Изменения в системе нейромедиаторов, возникающие из-за стресса, мешают мозгу сформировать правильные воспоминания о жизненных неприятностях.
В недавней статье в Cell описано, как стресс влияет на появление энграммных клеток. Подопытным мышам устраивали стресс, запирая их на полчаса в узкой трубе – мыши чувствовали, что им ни выйти, ни развернуться, и начинали сильно беспокоиться; как следствие, у них повышался уровень стрессового гормона кортикостерона. Некоторым мышам просто вводили порцию кортикостерона, который сообщает органам и тканям, что случилось что-то плохое, и нужно все силы бросить на то, чтобы с этим плохим справиться.
Затем стрессированных и обычных мышей сажали в клетку, где они в течение 30 секунд слышали некий звук, после которого ничего не происходило. Затем следовал перерыв, и в той же клетке раздавался другой звук, частотой повыше – он тоже длился 30 секунд, но после него мышей били слабым током по ногам. Мыши должны были запомнить связь между определённым звуком и неприятным событием, и у обычных мышей всё так и происходило: когда их сажали в другую клетку и снова включали «электрический» звук, они замирали на месте, демонстрируя обычную стрессовую реакцию грызунов. При этом первый звук, который ни с какими неприятностями связан не был, они игнорировали.

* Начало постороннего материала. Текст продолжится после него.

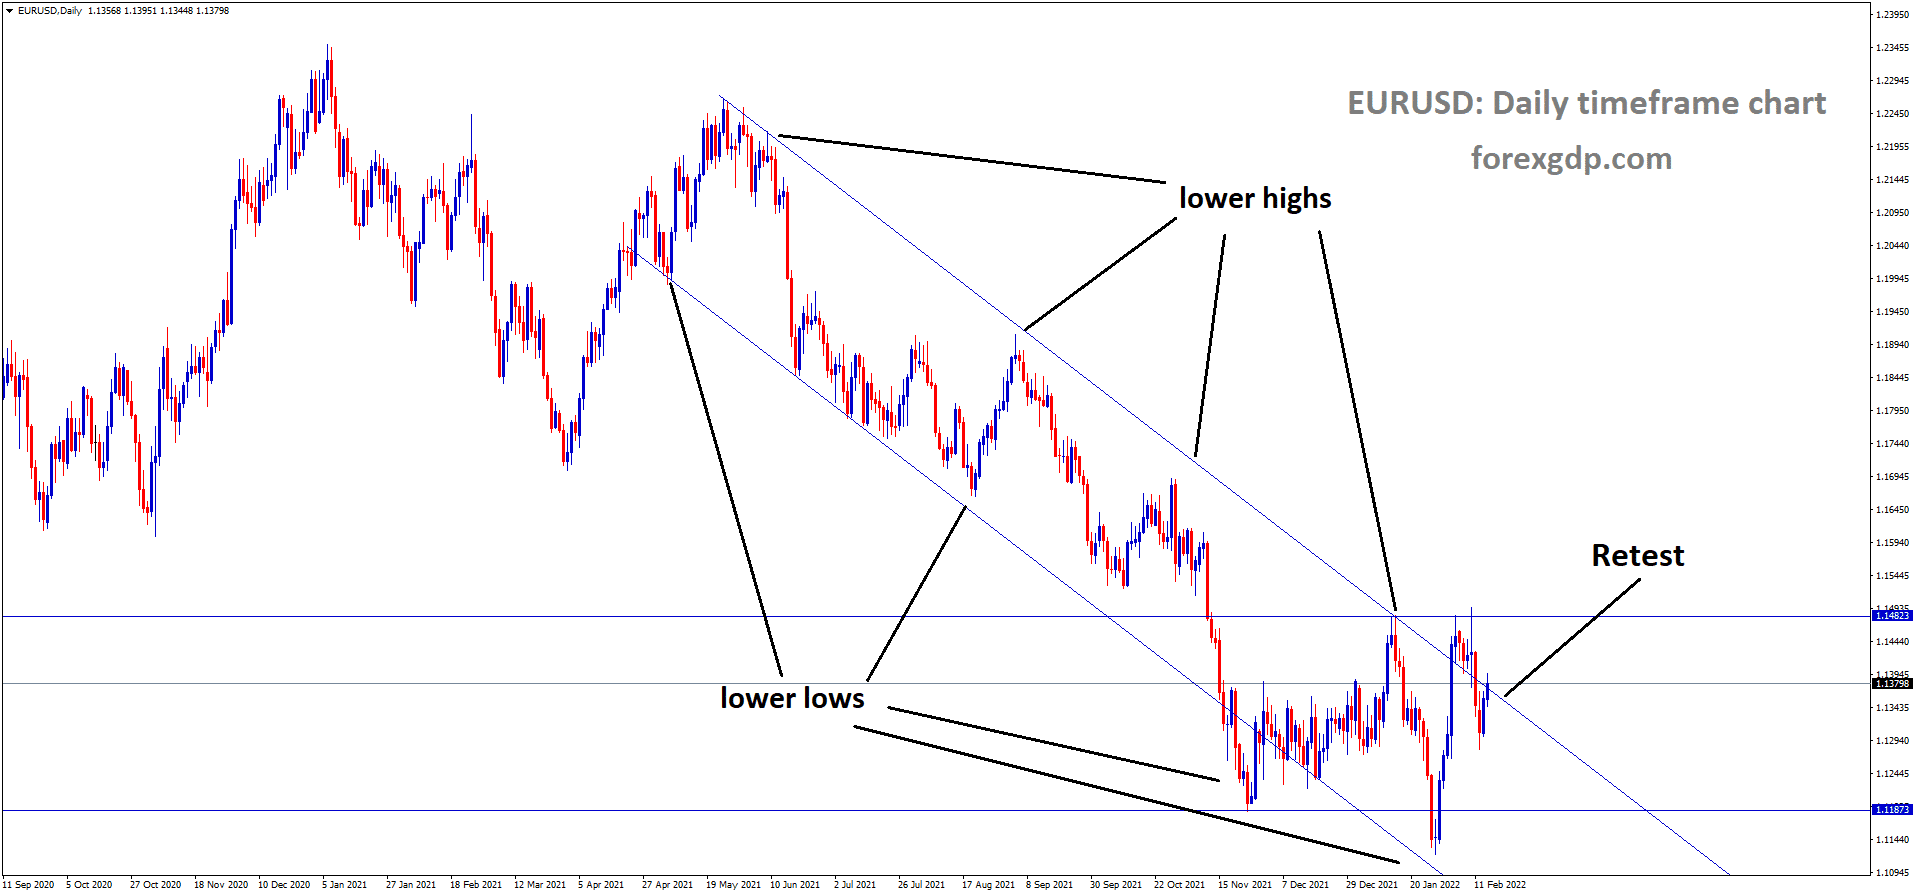 EURUSD is moving in the Descending channel and the market has retested the lower high area of the channel

А вот мыши, которые заранее испытали стресс в узкой трубе (или которым просто вводили кортикостерон), оба звука не различали – они пугались и «электрического» звука, и нейтрального. Их память о неприятном событии оказалась неспецифична, и эта неспецифичность возникала из-за слишком большого числа энграммных клеток, которые мозг выделял под запоминание. Энграммные нейроны можно определить по особой активности, которая возникает в них в момент запоминания, и потом, когда они чувствуют определённый сигнал, побуждающий их включить эпизод из памяти. У обычных мышей активность потенциальных энграммных клеток в центре памяти сдерживалась нейронами миндалевидного тела, или амигдалы, одна из функций которой состоит в работе с эмоциями. Нейроны амигдалы выделяли много нейромедиатора ГАМК (гамма-аминомасляной кислоты), которая понижала активность запоминающих нейронов. А вот у мышей после стресса уровень тормозящего нейромедиатора ГАМК оказывался ниже, и поэтому слишком много запоминающих нейронов оставалось активными, когда нужно было запоминать обстоятельства неприятного опыта с электрическим ударом. Слишком большое количество потенциальных энграммных клеток означало, что с неприятным опытом будет связано много разных сигналов-стимулов – даже тех, которые к этому опыту не имеют отношения. Стресс портил память тем, что в ней закреплялись ненужные связи между явлениями.
Тормозящего нейромедиатора ГАМК становилось мало потому, что в стрессированном мозге становилось много других нейромедиаторов из группы эндоканнабиноидов: они влияли на нейроны амигдалы, и те переставали подавлять активность потенциальных энграммных клеток. Подавляя выработку эндоканнабиноидов или не давая им взаимодействовать с рецепторами на нейронах, можно предотвратить стрессовое размывание памяти, но проделывать это нужно именно в тот момент, когда память формируется.
Скорее всего, этот механизм имеет отношение и к человеческому посттравматическому синдрому – с ним ведь чувство опасности оказывается завязано на неопасные стимулы.